The river of serendipity
Traveling is like being in a river. Sometimes you go faster, sometimes slower. Sometimes you cross dangerous paths, sometimes safer ones. You swim with the current, not knowing where it will take you.
I don't know how I can be so lucky in some areas of my travels. A friend from Slovenia wrote me last week that she has a friend who's from Argentina. She said she could give me her contact and we could meet sometime. I said, sure, why not. I contacted Lara and after a quick chat, she said she could show me around Rosario, her hometown if I wanted. I'd heard of Rosario, but I also heard that it was the most dangerous city in Argentina, so visiting it wasn't my top priority. But since I had a local there who could show me around, I couldn't turn down the opportunity. So I booked a bus ticket and plunged into a new adventure.
The bus ride from Buenos Aires takes 4 hours, but it's extremely comfortable because I took the ''coche cama'' (which literally means bed seats) bus. It's the most comfortable bus I've ever been on. In Argentina, everything is far away, so this kind of comfortable bus is very common. However, some Argentine families travel these long distances by car and a simple and efficient way to distract their children and shorten the trip is to have them count cows that should be on the side of the road. Unfortunately, I didn't see any cows (maybe it was too hot for them), so I had to distract myself with music. These days I listen to Brazilian reggae on repeat.
I arrived in Rosario and felt like I was in hell. Not because of the dangers, but because it was extremely hot! In the 3 days I spent there, it was 39 degrees. It was so hot that I didn't leave the house until 3pm on the second day. It was probably the first time that I wasn’t tempted to explore a new city. I stayed inside, had the AC on and started playing PES 2011 (football game) on the apartment owner's Playstation. It was also a unique experience for me because I was playing with Barcelona and Rosario is actually Messi's hometown. Also, I haven't played Playstation in years. So in the 3 days, I focused more on exploring the city at night.
For me, it was a very special city to visit because it's very different from Buenos Aires. Of course, it's smaller, more local, more authentic and not spoiled by tourism. This was exactly what I needed after having already spent more than a month in the crowded city center of Buenos Aires. Also, the huge Paraná River, the second longest river in South America, made the city much more pleasant and made me appreciate nature even more.

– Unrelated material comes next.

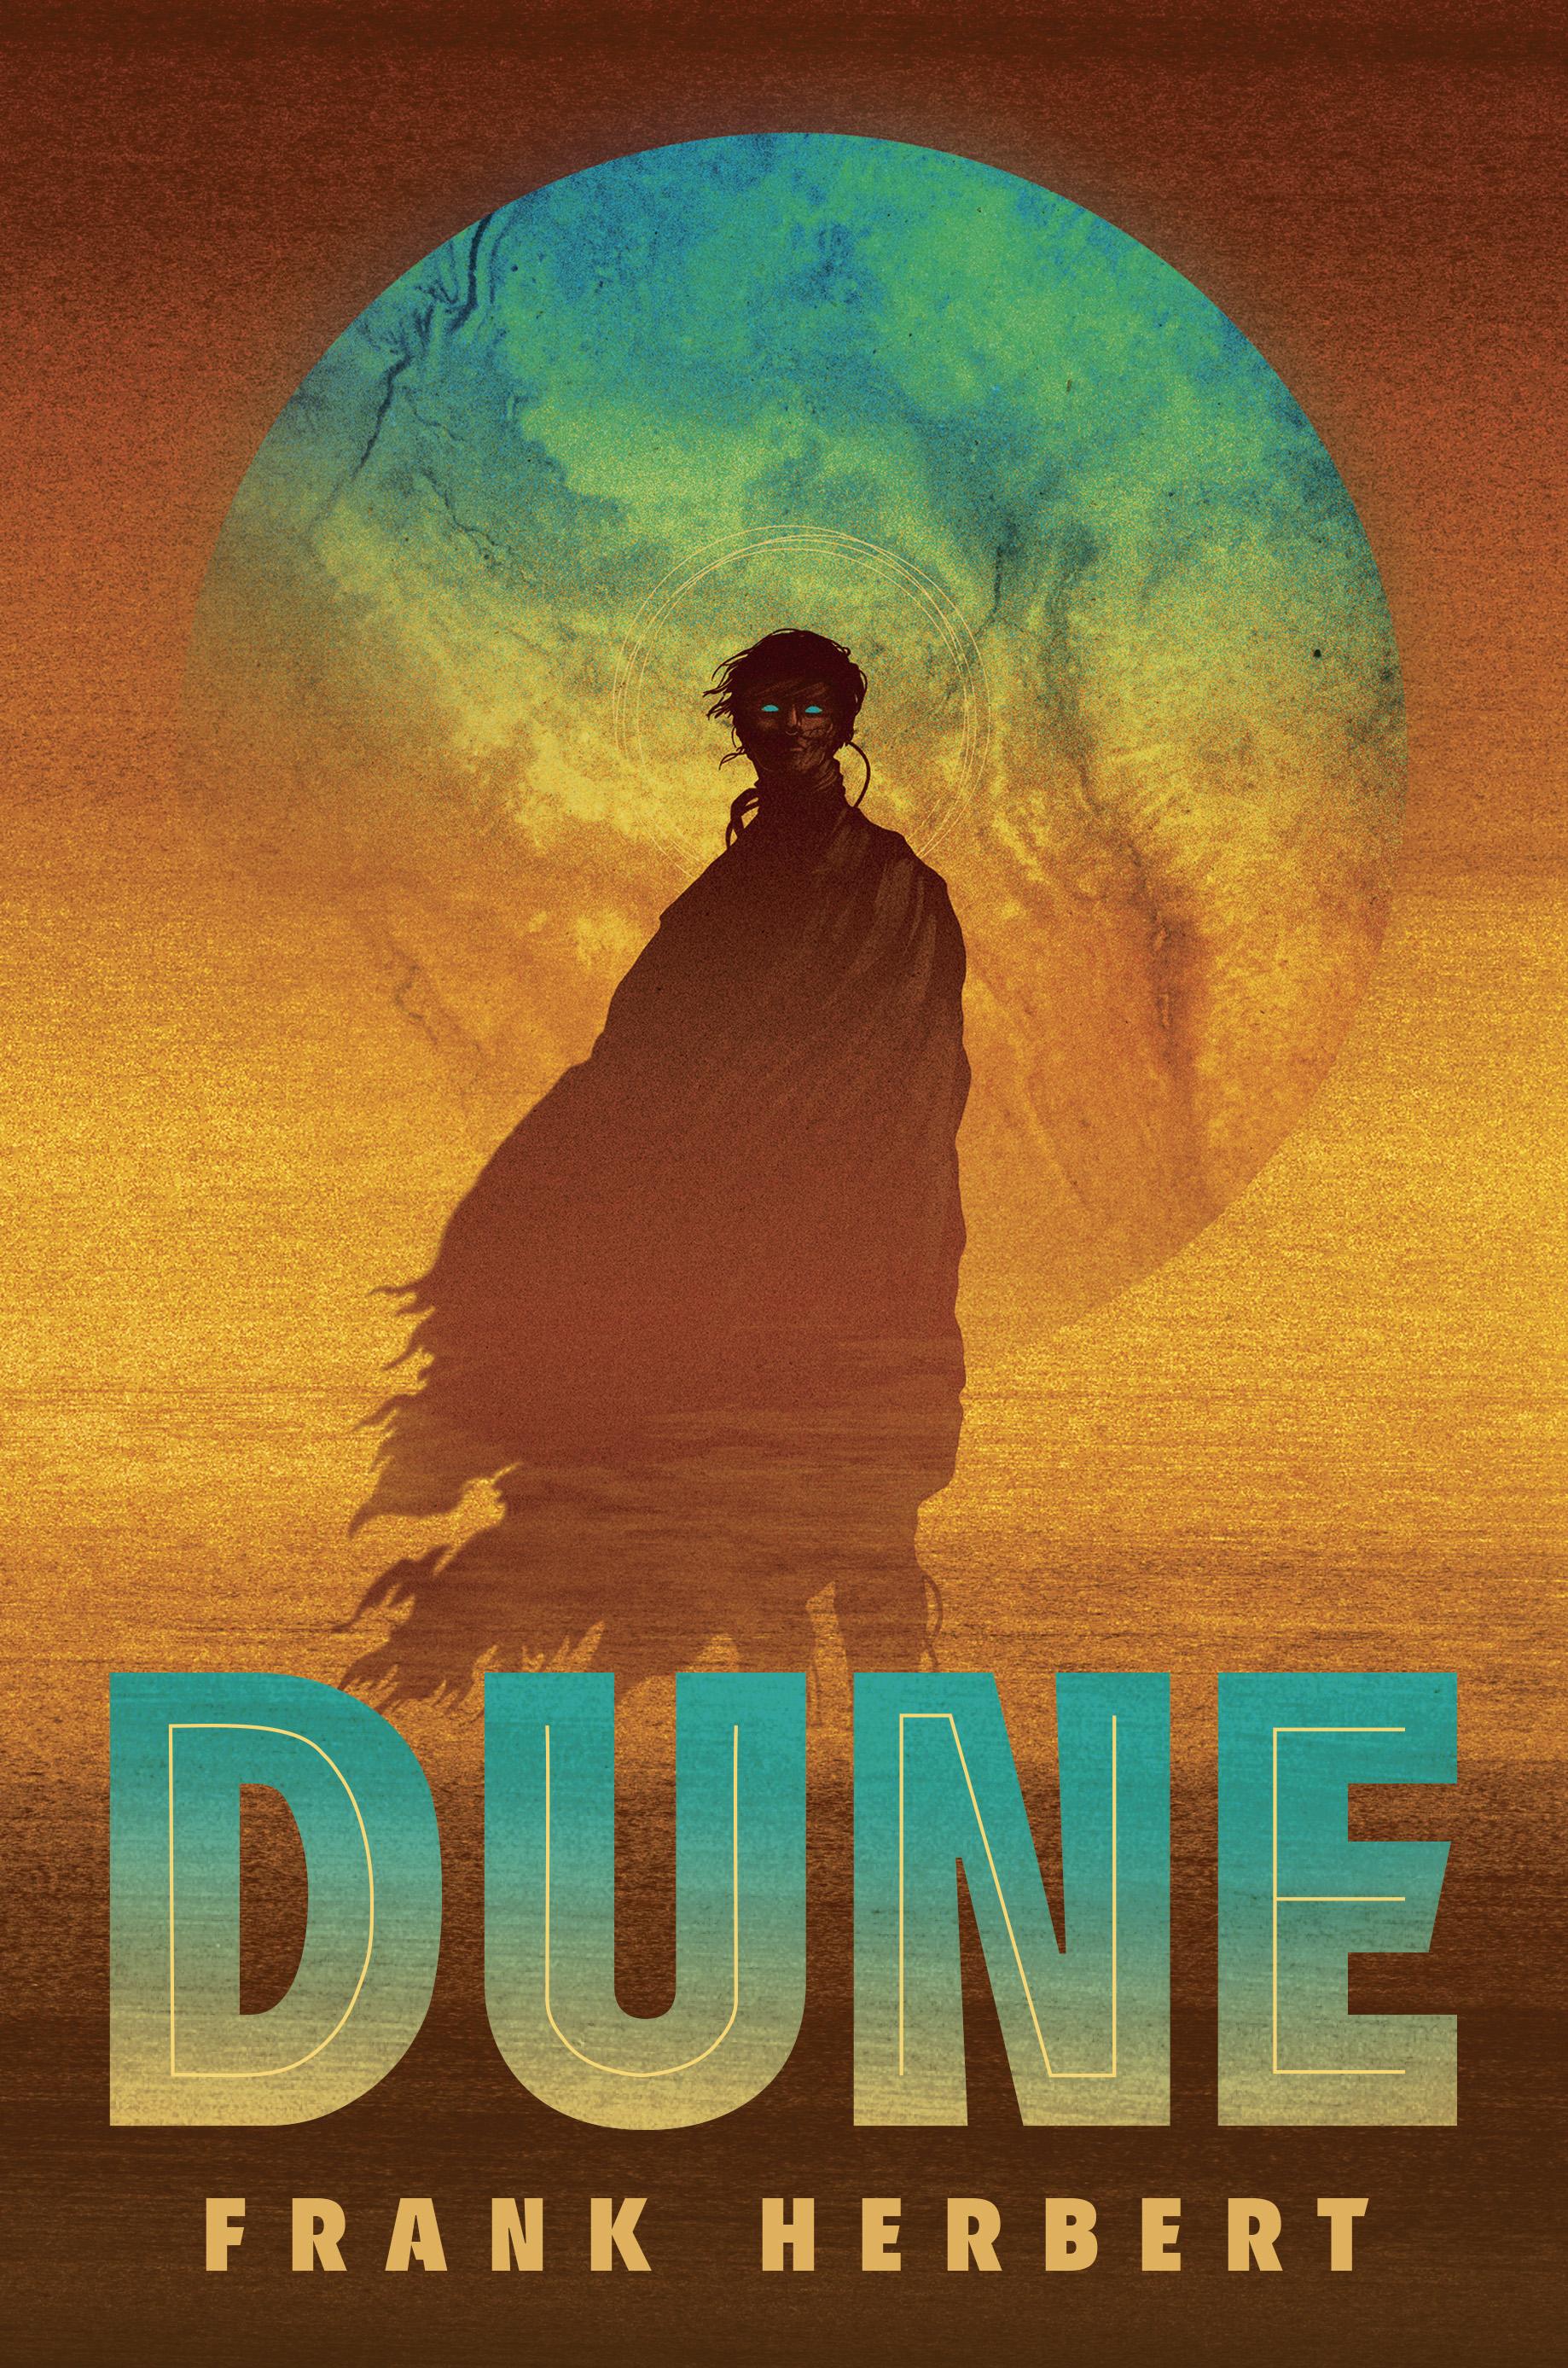 https://i1.wp.com/www.tor.com/wp-content/uploads/2019/07/Dune-cover-1.jpg

In Argentina, everything is a social matter. And I'm grateful to have been able to experience many of these local, social activities in Rosario. Lara arranged a barbecue (asado) at her friends' house. Spending the evening with her friends eating delicious Argentine meat and drinking fernet was the biggest highlight of my trip so far. This was the deepest I went in peeling the travel onion.
Seeing new sights, visiting museums, and taking classic tours will hardly take you to the deeper layers of the destination. However, dining with locals who prepare the food they normally eat, in the way they normally eat it, is probably the best way to go deeper. It can't be commercialized. That's why it's not tourism, it's travel. I don't know if it's luck or just my openness to new experiences and exploration, or the good friends I already know who're now recommending new adventures to me. Whatever it is, I like it.
I like it, but I also need time to process such experiences. I don't feel like going straight to new explorations. I feel like processing the previous experience first, taking it all in, noticing the details, and of course, writing it down as I do now. Perhaps it's also my introverted side that needs this processing.
Ruskin believed that we should write down or ideally paint our experiences or the landscape we see to really grasp them and appreciate their beauty and not to rush through our travels. He said that ‘‘there was always more in the world than men could see, walked they ever so slowly; they will see it no better for going fast’’ and ‘‘the really precious things are thought and sight, not pace.’’
This type of slow traveling is great because it doesn't force me to do everything in a short amount of time. I can go exploring at my own pace and increase my chances for serendipity. Like everything in life, you can't force serendipity. You also can't force meaningful experiences on your travels.
You can’t force it, because traveling is like being in a river. Sometimes you go faster, sometimes slower. Sometimes you cross dangerous paths, sometimes safer ones. You swim with the current, not knowing where it will take you or what will become of you when you swim out. Then you go into another river and let the current take you again. And again. The more rivers you go through, the better you can handle the journey. But you can never know what the journey will be like and what it will give you or take away. That's serendipity.
Oh, and if someone is considering Rosario but is afraid of the safety issues, I would say that you should still visit the city, but be extra careful, of course. From what I have heard, people may have their phones stolen from their hands and robberies can happen (more commonly then in Buenos Aires). It's also best to take a taxi at night.